Please transcribe exactly the lines from the line holding "Décor do dia: estilo" through the end of the data below, and skip any pictures.

------ SUPPLIED DATA

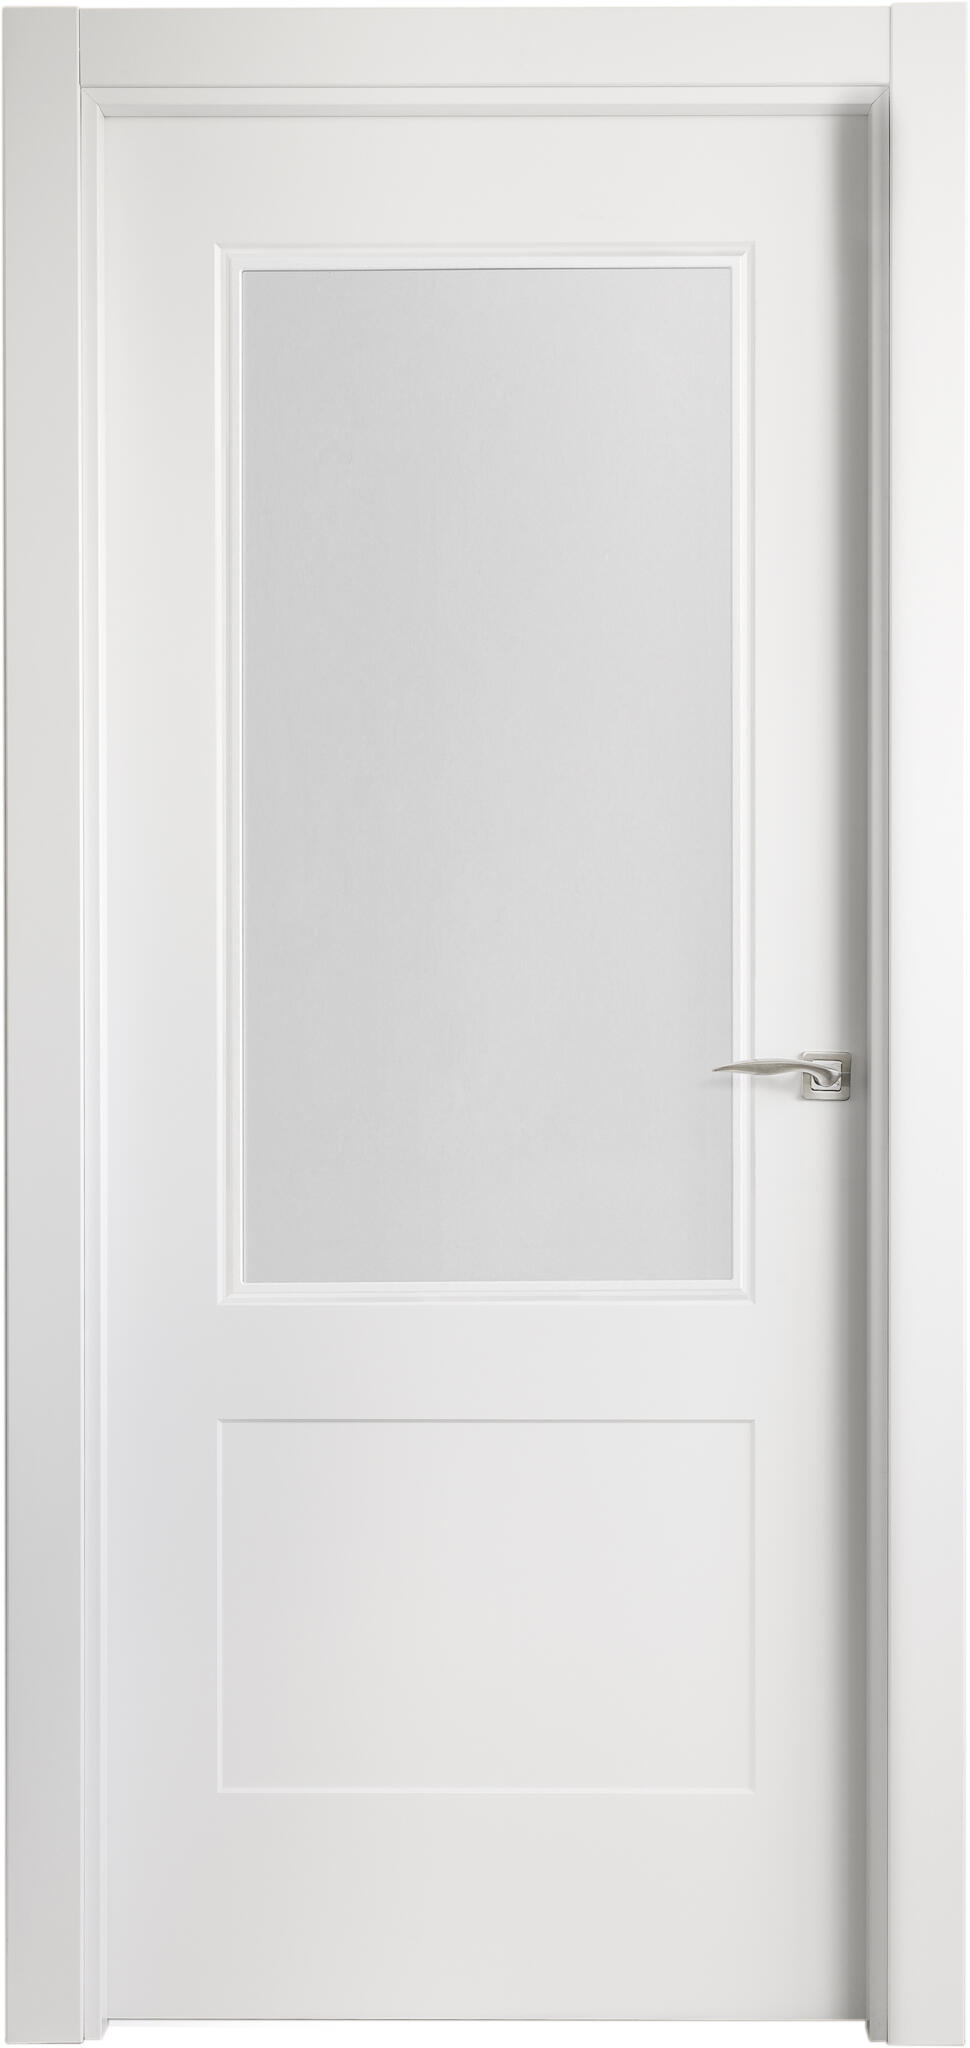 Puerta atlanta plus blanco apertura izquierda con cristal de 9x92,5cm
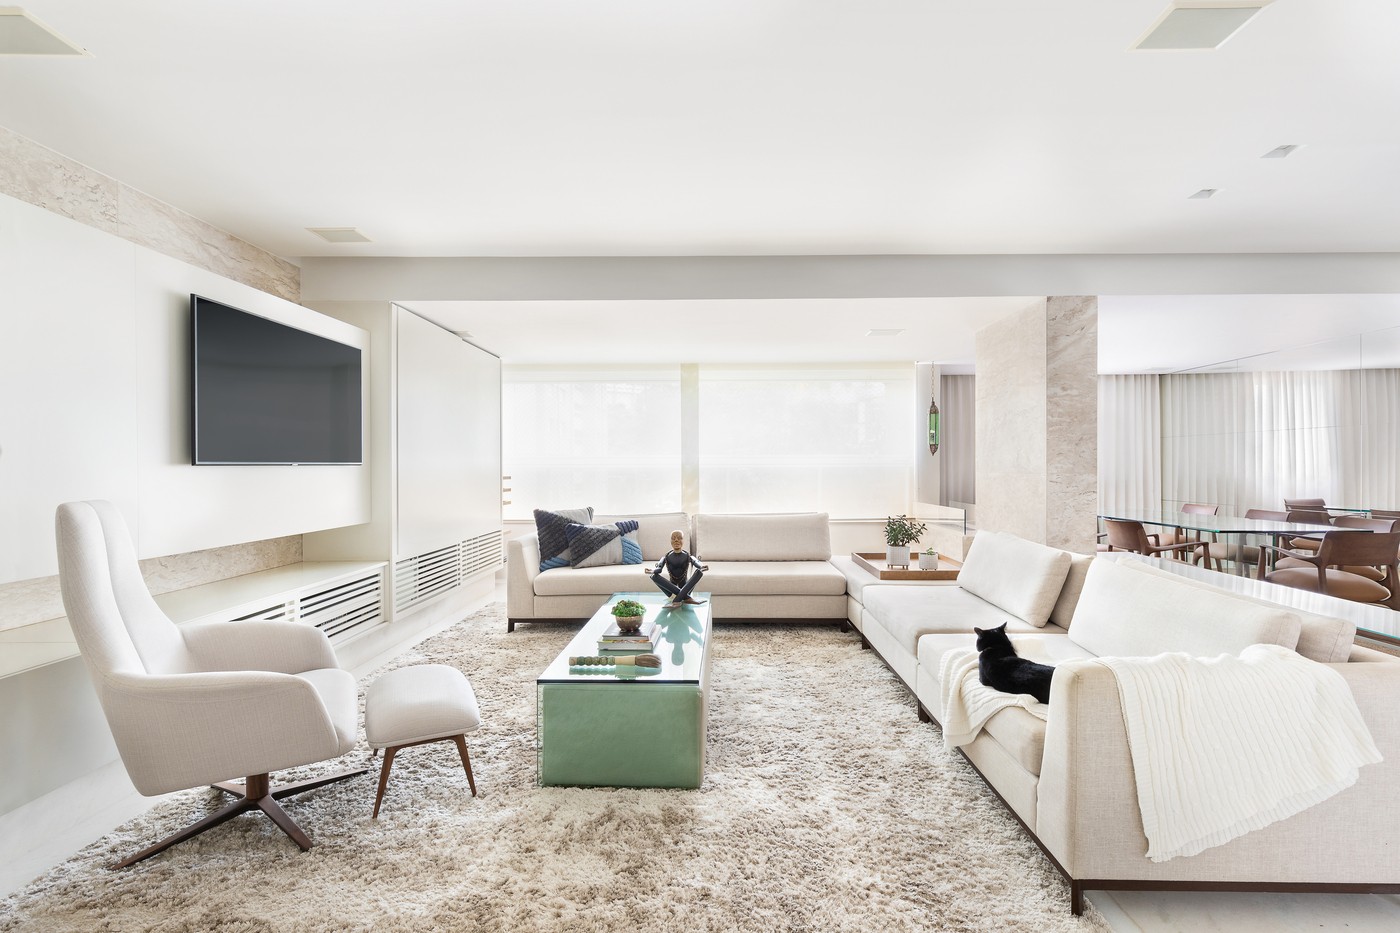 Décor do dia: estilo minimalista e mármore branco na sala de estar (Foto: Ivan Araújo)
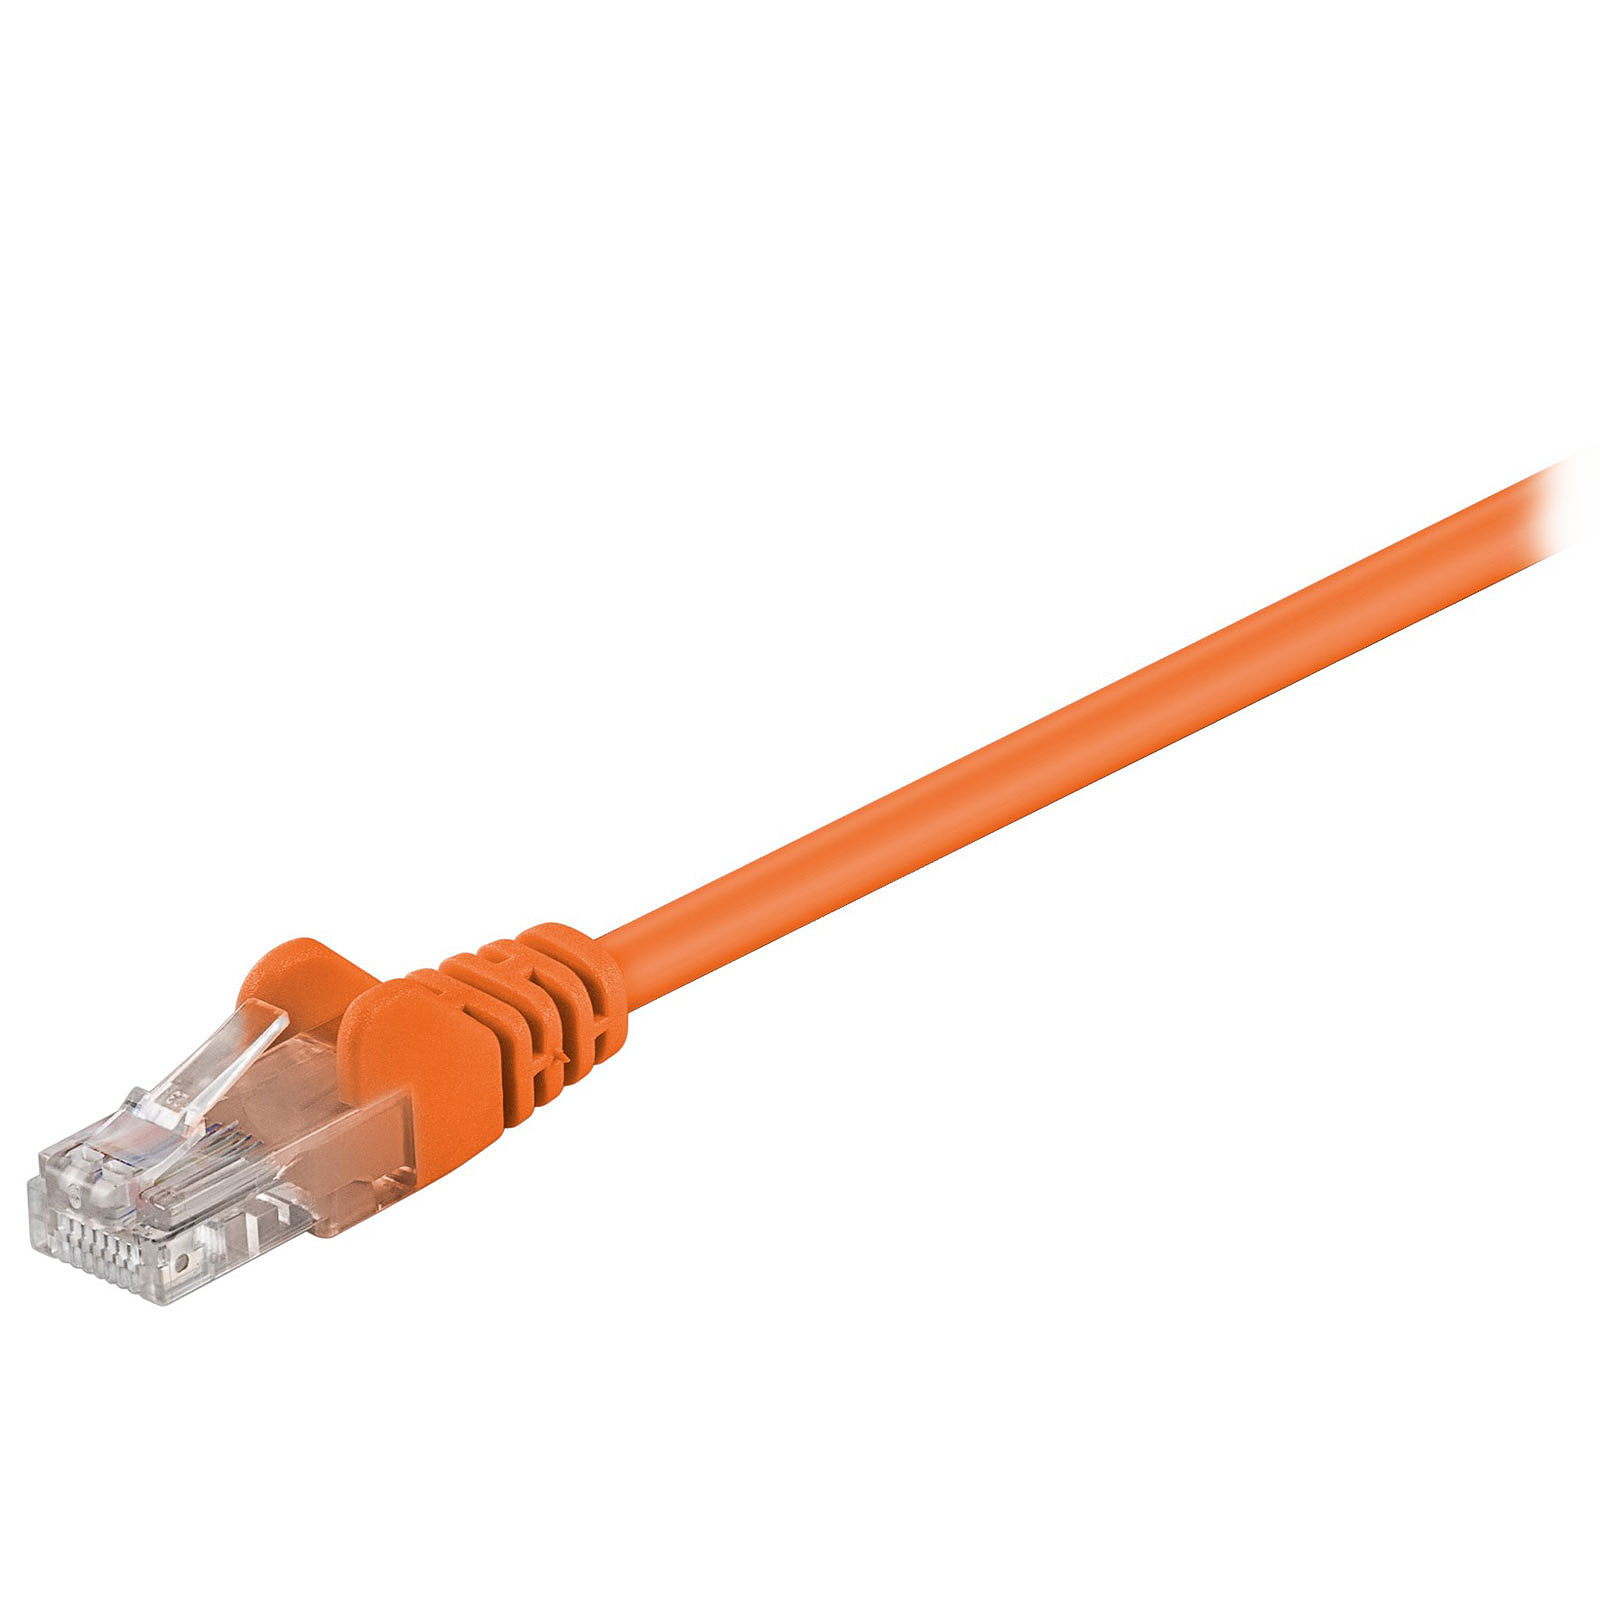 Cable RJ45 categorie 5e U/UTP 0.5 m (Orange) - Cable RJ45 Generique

------------

* WRITTEN SOLUTION:
 Décor do dia: estilo minimalista e mármore branco na sala de estar (Foto: Ivan Araújo)
 Cable RJ45 categorie 5e U/UTP 0.5 m (Orange) - Cable RJ45 Generique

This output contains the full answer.